Как ни оправдана может быть нелюбовь кельтов к нам, нелюбовь эта всегда оказывается им так или иначе выгодна. Всякий шотландец, желающий править, всякий ирландец, желающий сатирически высмеять, всякий уэльсец, желающий петь, – короче говоря, всякий охотник до денег и славы – обрушивается на Лондон, и если хоть самую малость знает свое дело, щедро вознаграждается. Вдобавок он может столь же щедро вкусить от английских идеалов и ими заразиться, но создается впечатление, что на такой риск каждый идет весьма охотно. Эта многовековая узурпация не-англичанами функций правления, критики и развлечения Англии есть результат еще одной типично английской черты – любви к третейскому судейству, то есть стремления утвердить некие принципы, а затем наблюдать, как другие им следуют. Британию можно было бы (в порядке рабочей гипотезы) определить так: кельтский гений и любовь к действию, явленные на поле высочайших английских принципов.

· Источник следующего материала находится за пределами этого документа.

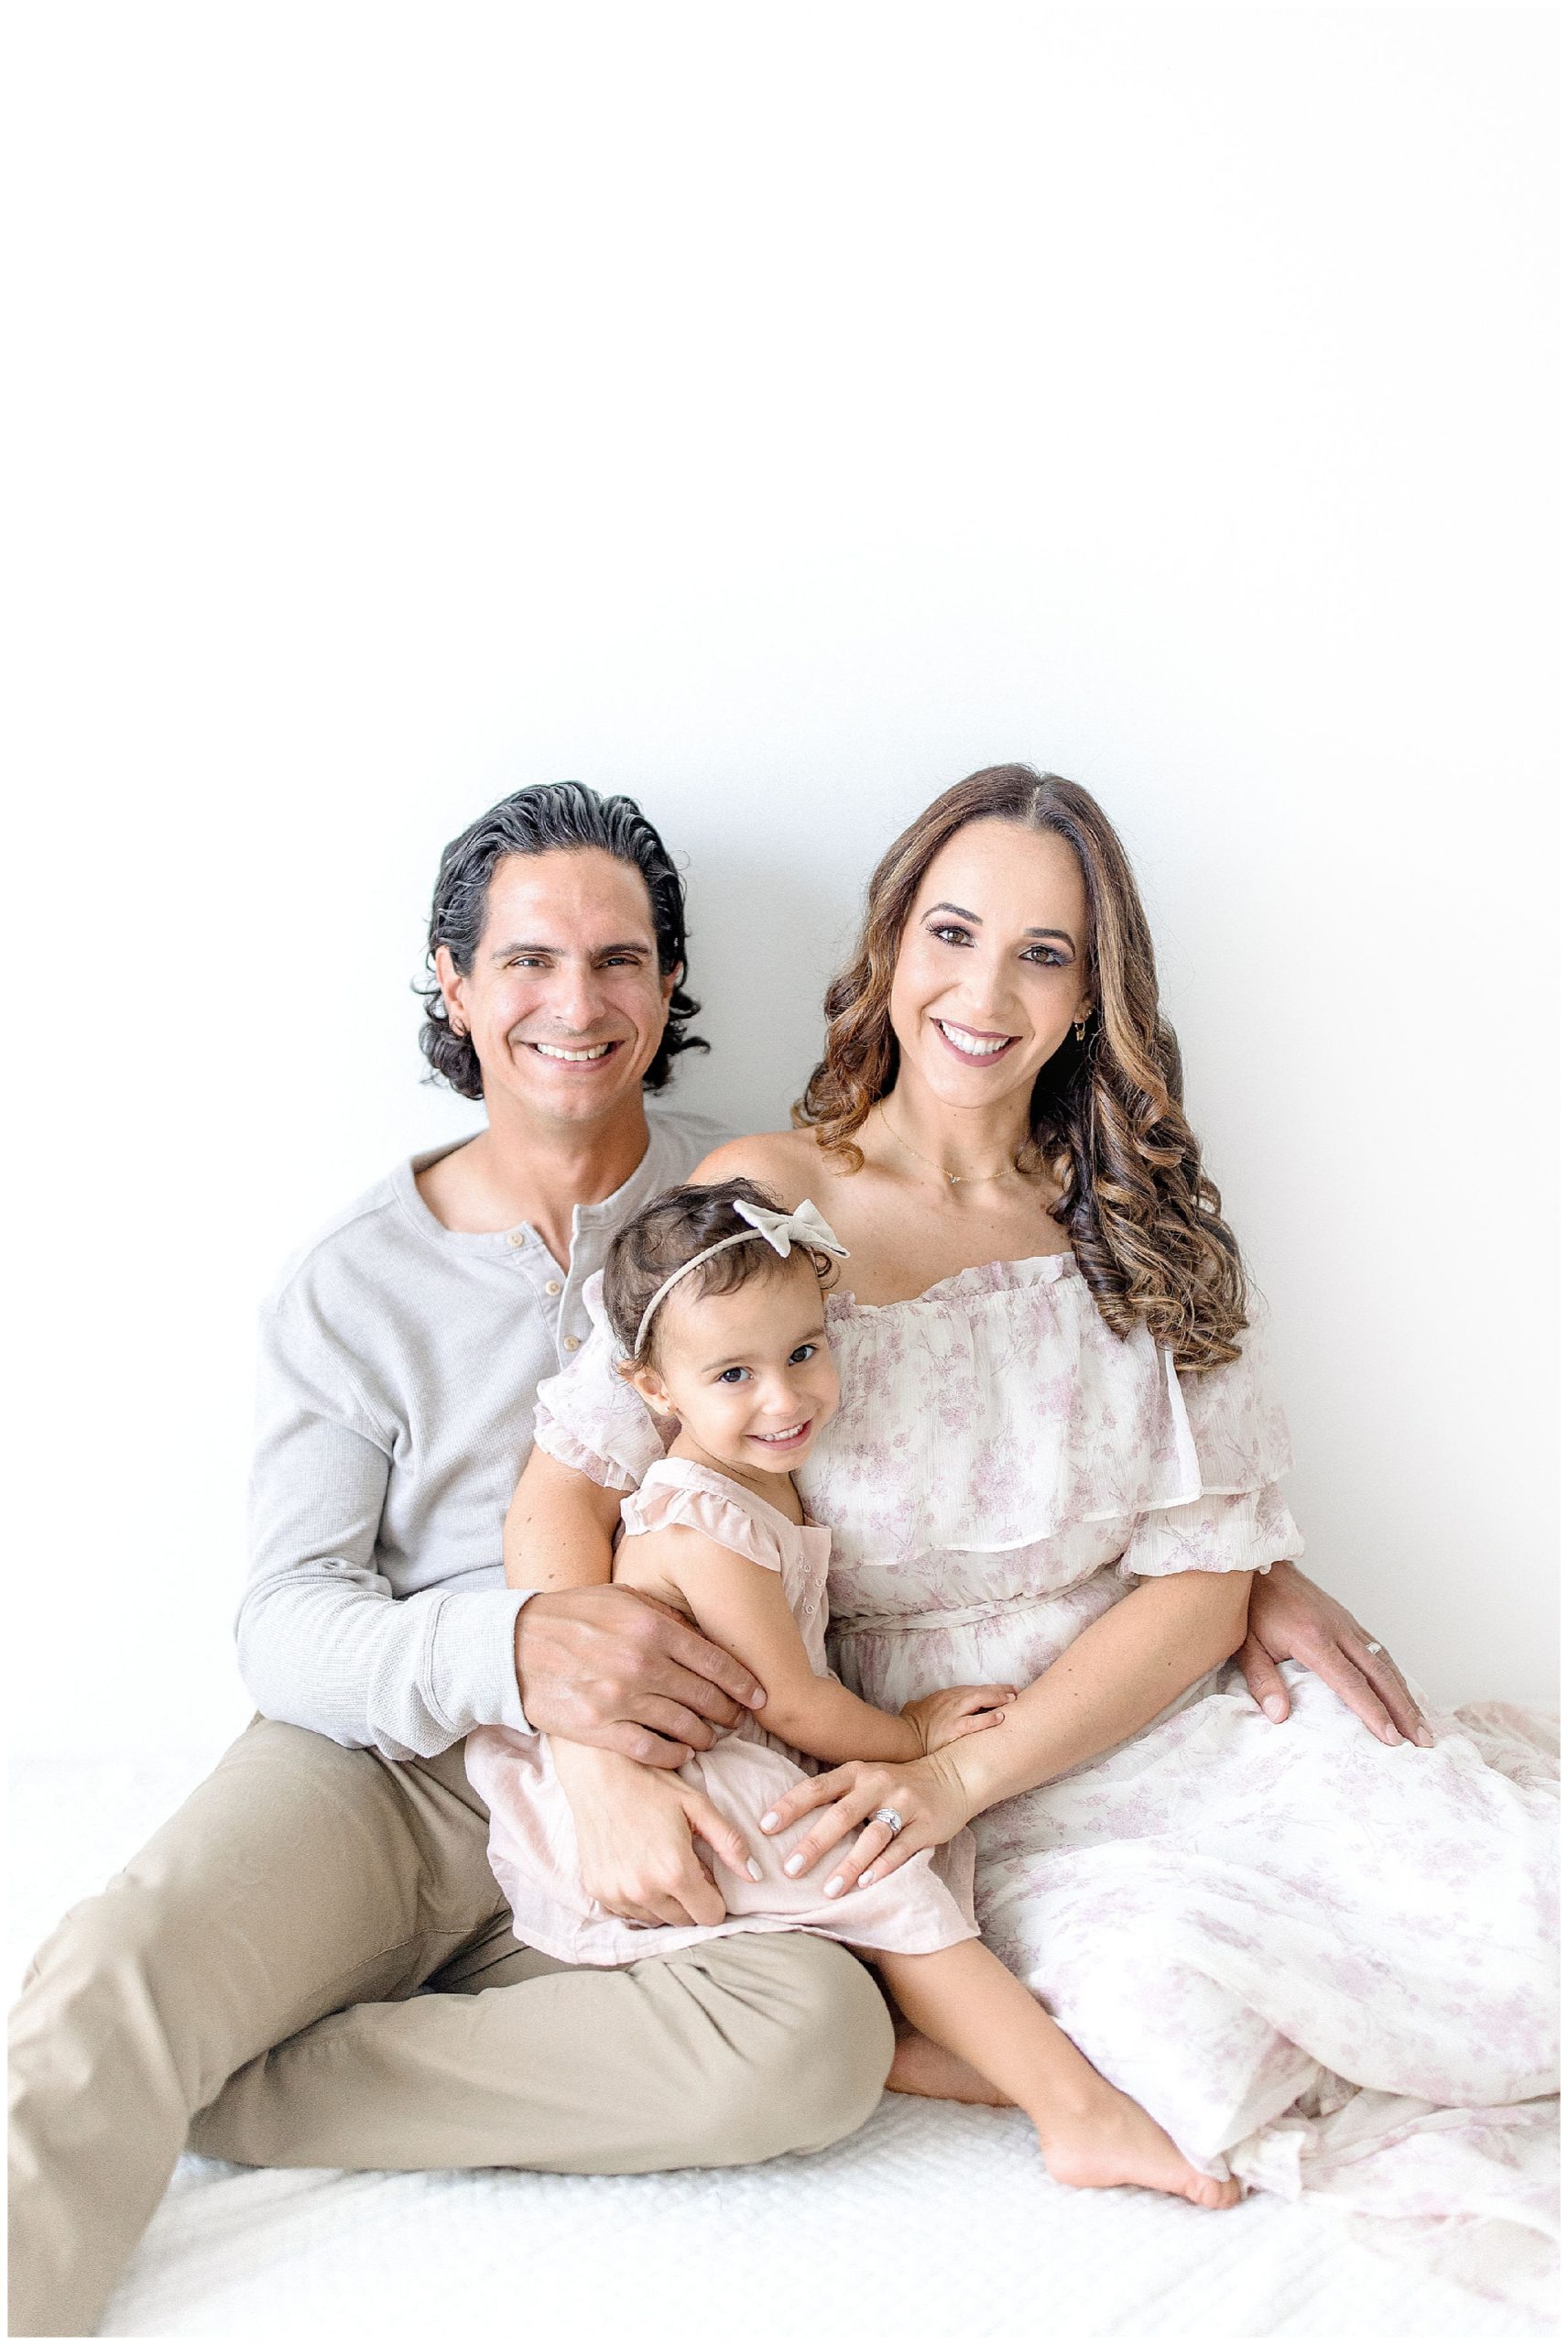 Mom & Dad smile with daughter in Miami studio. Photo by Ivanna Vidal Photography.

Я ни в коем случае не сторонник Малой Англии. Совершенно очевидно, что человек есть существо федеративное, а права государств в процессе эволюции становятся делом все более безнадежным. Породнение отдельных стран, слияние их в блоки зашло уже довольно далеко, а в Соединенном Королевстве только горстка лунатиков в кельтской ночи по-прежнему задает кошачьи концерты, требуя самоуправления. Пришло время, когда стало административной и политической необходимостью говорить о том, быть ли нам британцами, и мучительная переоценка статуса мировой державы, которую нам – англичанам-британцам – пришлось пережить после 1945 года, фактически позволяет нам теперь снова стать в гораздо большей степени англичанами. Другие три страны всегда брыкались, не желая применять к себе понятие «британец», и поскольку это мы несем ответственность за возникновение самой идеи, мы вот уже много лет всерьез относимся к ответственности за ее дальнейшую судьбу. Мы всегда чувствовали, что обязаны показать другим, как быть британцами, и это обострило нашу, теперь уже утратившую злободневность шизофрению.

Шотландцы, уэльсцы и ирландцы не более (но и не менее) англичане, чем австралийцы или американцы. В Соединенном Королевстве просто имеются дополнительные факторы географической близости и совместных институтов, только и всего.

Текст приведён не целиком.